As I mentioned above, I want to read out a TCD1304DG.
This is a linear image sensor. I want to build a spectrometer from it. The optical parts are available to me.

I haven't made a decision yet on which ADC I would use. For example, I don't know yet up to which sampling rate the Teensy's internal ADCs can work. If they would be too slow, I would of course use an extrenal ADC. I also lack the expertise, for example, whether it is possible to address the internal registers of the processor faster. I suppose C++ is not the fastest method here.
 
As I mentioned above, I want to read out a TCD1304DG.I haven't made a decision yet on which ADC I would use. For example, I don't know yet up to which sampling rate the Teensy's internal ADCs can work. If they would be too slow, I would of course use an extrenal ADC. I also lack the expertise, for example, whether it is possible to address the internal registers of the processor faster. I suppose C++ is not the fastest method here.
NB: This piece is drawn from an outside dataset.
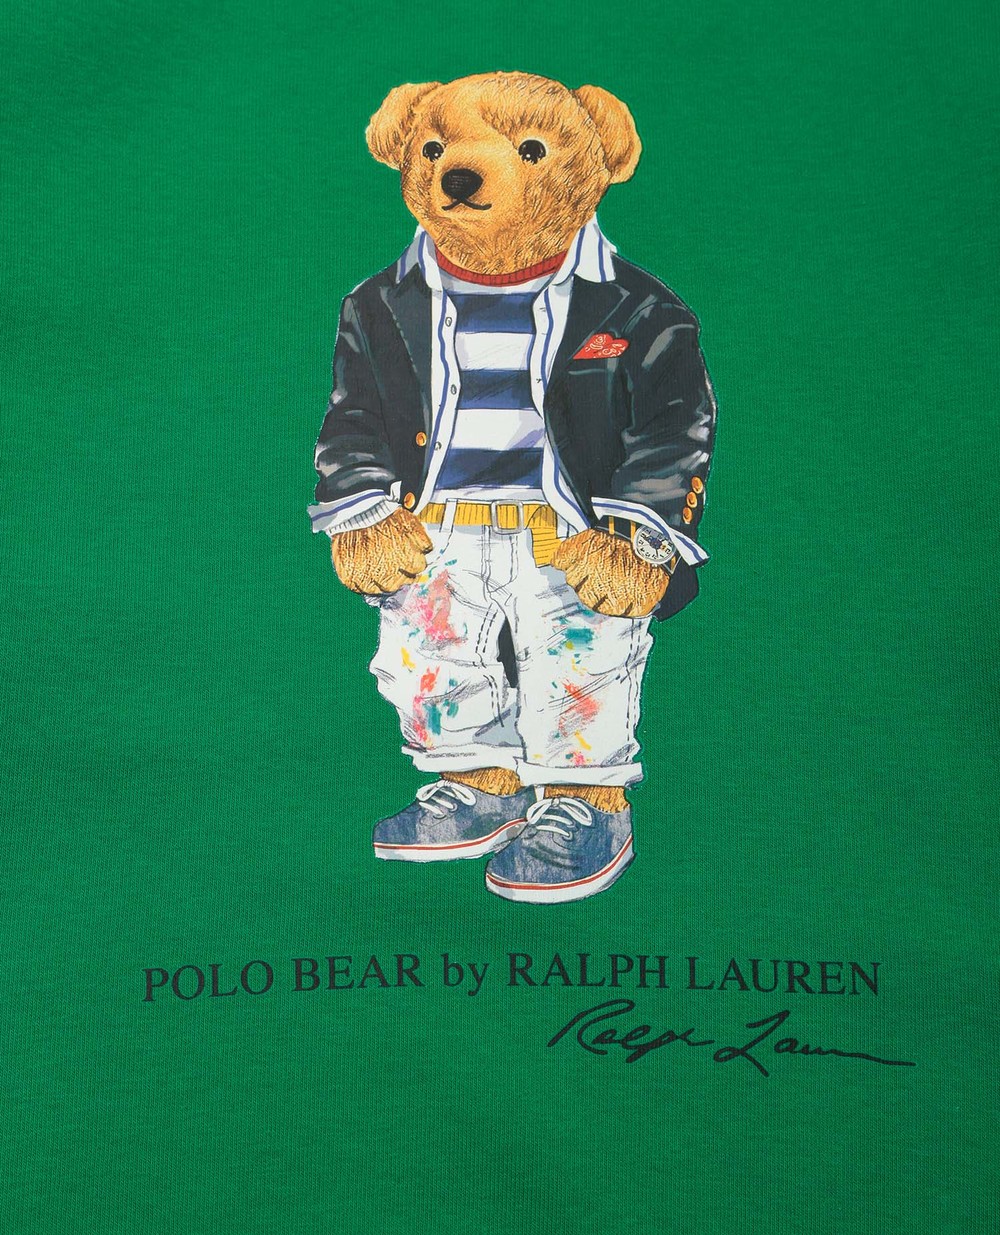 Детский свитшот Polo Ralph Lauren Kids 322858888001, зеленый цвет • Купить в интернет-магазине Kameron

Okay. I looked at the TCD1304DG data sheet and I see the variables in your code match the signal names. You may want to read the iMXRT manual's chapter on QuadTimer. Each timer has 4 channels, and I think you could use it to generate the signals with much less overhead than the method you are using. There is also FlexIO, which I haven't used, but you can find threads on by searching the forum. I have the impression it has a steep learning curve. Regarding C++, compilers today are very good, so there is little to be gained by using assembly language.
 
I have tried the TeensyTimerTool.h now. With it I get just 500KHz. Can I still turn something at the timer configuration, so that I come to higher frequencies?
The signal looks clean, but what would you expect at 500KHz?

Code:
#include "TeensyTimerTool.h"

using namespace TeensyTimerTool;

 int fMPin   = 3; 
// int SH      = 5;
// int ICG     = 7;


PeriodicTimer fMPin_Timer;


void setup()
{

  pinMode(fMPin, OUTPUT);   
//  pinMode(SH, OUTPUT);   
//  pinMode(ICG, OUTPUT);   

  //noInterrupts();


  fMPin_Timer.begin(callback1, 1);

}

void callback1() {

digitalToggleFast(fMPin);

}




// void yield () {}


FASTRUN 

void loop(){
 
}
 
I have tried the TeensyTimerTool.h now. With it I get just 500KHz. Can I still turn something at the timer configuration, so that I come to higher frequencies?
The signal looks clean, but what would you expect at 500KHz?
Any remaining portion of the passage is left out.